Der Offizier errötete. »Ich habe nicht gedacht, daß ...«

Octavia unterbrach ihn mit einer ungeduldigen Geste.

»Es nützt jetzt kein Herumreden mehr! Wir können nur hoffen, daß es noch nicht zu spät ist, etwas zu unternehmen!«

»Was soll ich tun?«

»Ihr werdet Cornelia fortan in den Kerker begleiten, Gaius. Laßt sie nicht aus den Augen! Außerdem werde ich dafür sorgen, daß Ihr viel Zeit für Cornelia habt. Bringt ihr Geschenke, unterhaltet Euch mit ihr, geht mit ihr spazieren! Sorgt dafür, daß sie den bluttrinkenden Barbaren vergißt!« Sie lehnte sich in ihrem Stuhl zurück. »Und nun geht. Wir sehen uns heute abend zum Essen, Ihr seid unser Gast. Aber zu niemandem ein Wort von dem Brief oder unserer Unterredung!«

»Ich versichere Euch, daß ich verschwiegen sein werde. Cornelias Wohl liegt mir ebenso am Herzen wie Euch!«

Gaius erhob sich und verbeugte sich höflich, bevor er das Haus verließ.

Octavia sah ihm lächelnd nach. Auf ihre Art mochte sie den Offizier. Im Gegensatz zu ihrem Mann und ihrem verstorbenen Schwiegersohn war er ehrgeizig. Mit der richtigen Frau an seiner Seite stand Lactimus eine aussichtsreiche Karriere bevor. Daß er ausgerechnet Cornelia für die richtige Frau hielt, konnte Octavia nur recht sein. Für sie war die Ehe zwischen Gaius Lactimus und ihrer Tochter bereits beschlossene Sache, auch wenn Cornelia davon noch nichts wußte.

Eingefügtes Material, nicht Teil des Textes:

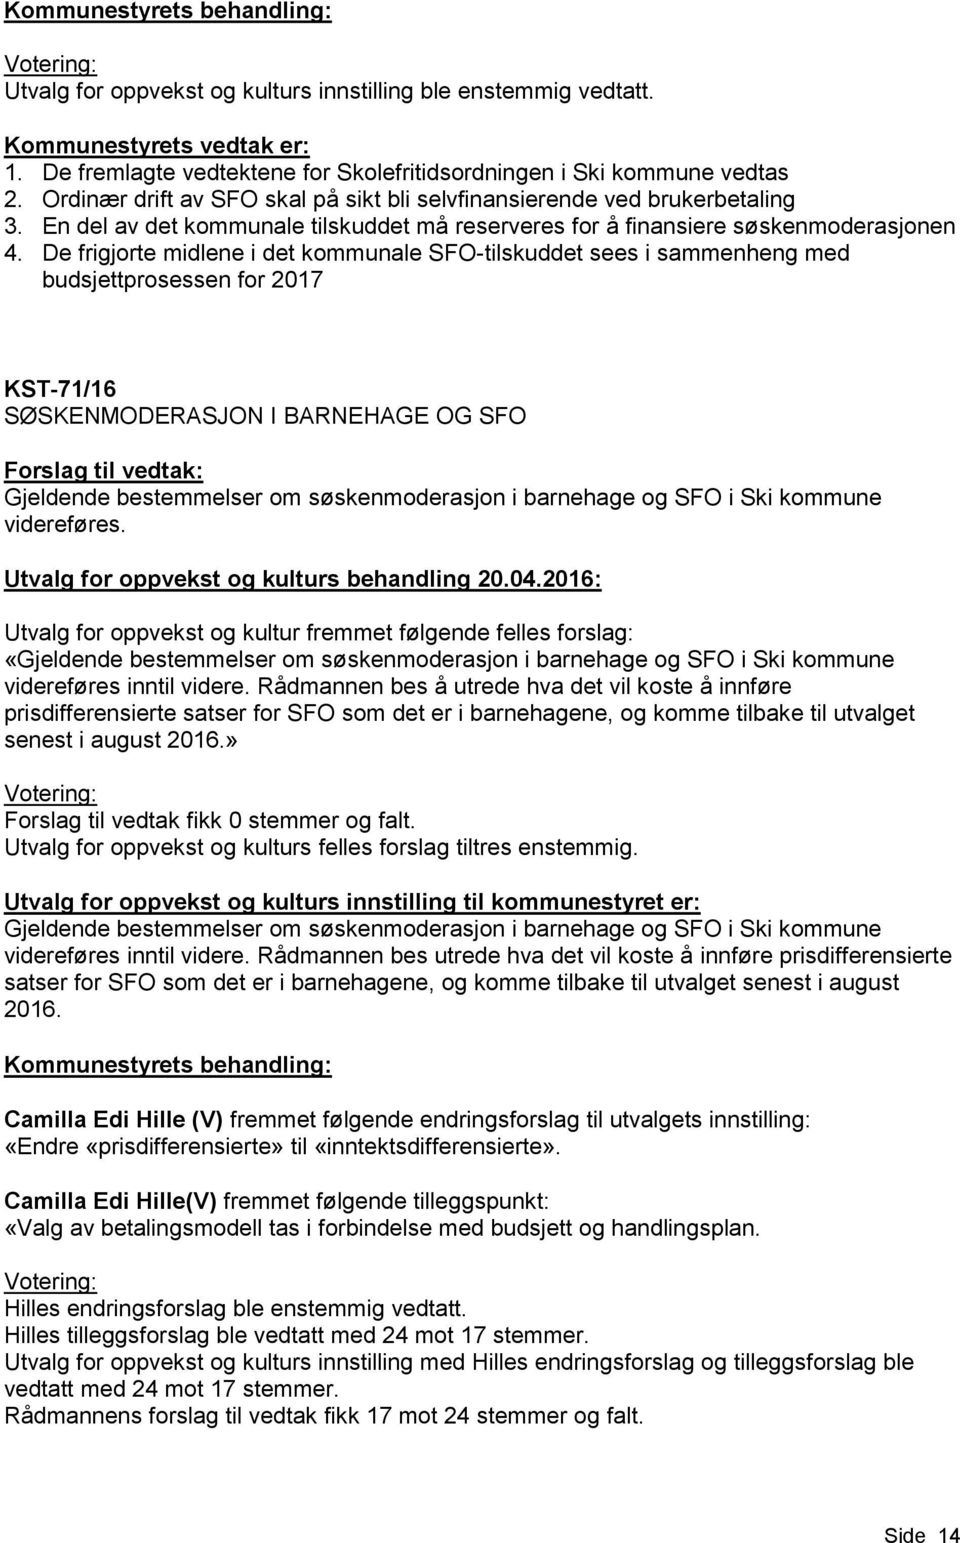 De frigjorte midlene i det kommunale SFO-tilskuddet sees i sammenheng med budsjettprosessen for 2017 KST-71/16 SØSKENMODERASJON I BARNEHAGE OG SFO Gjeldende bestemmelser om søskenmoderasjon i

Octavias Gedanken kehrten von Zukunftsvisionen zurück in die Gegenwart, und unwillkürlich runzelte sie die Stirn. Sie kannte ihre Tochter gut genug, um zu wissen, daß der ›Schwur‹ allenfalls ein Vorwand, aber sicher nicht der eigentliche Grund für Cornelias Besuche bei den Kelten war. Sie hatte in Aquae Sulis junge, hochgewachsene und gutgebaute keltische Männer gesehen, deren Charme man sich nicht entziehen konnte. Doch Cornelia hatte noch nie den Sinn für erotische Abenteuer. Wenn sie sich für einen Mann interessierte, dann war es ernst! Octavia verzog ihre rot geschminkten Lippen zu einem gefährlichen Lächeln. Vielleicht mußte man diesen Gefangenen auf die Reise zu seinem nächsten Leben schikken, wenn andere Maßnahmen nichts nützten. Denn niemand durchkreuzte die Pläne einer Octavia Julia. Kein Römer – und schon gar kein Kelte!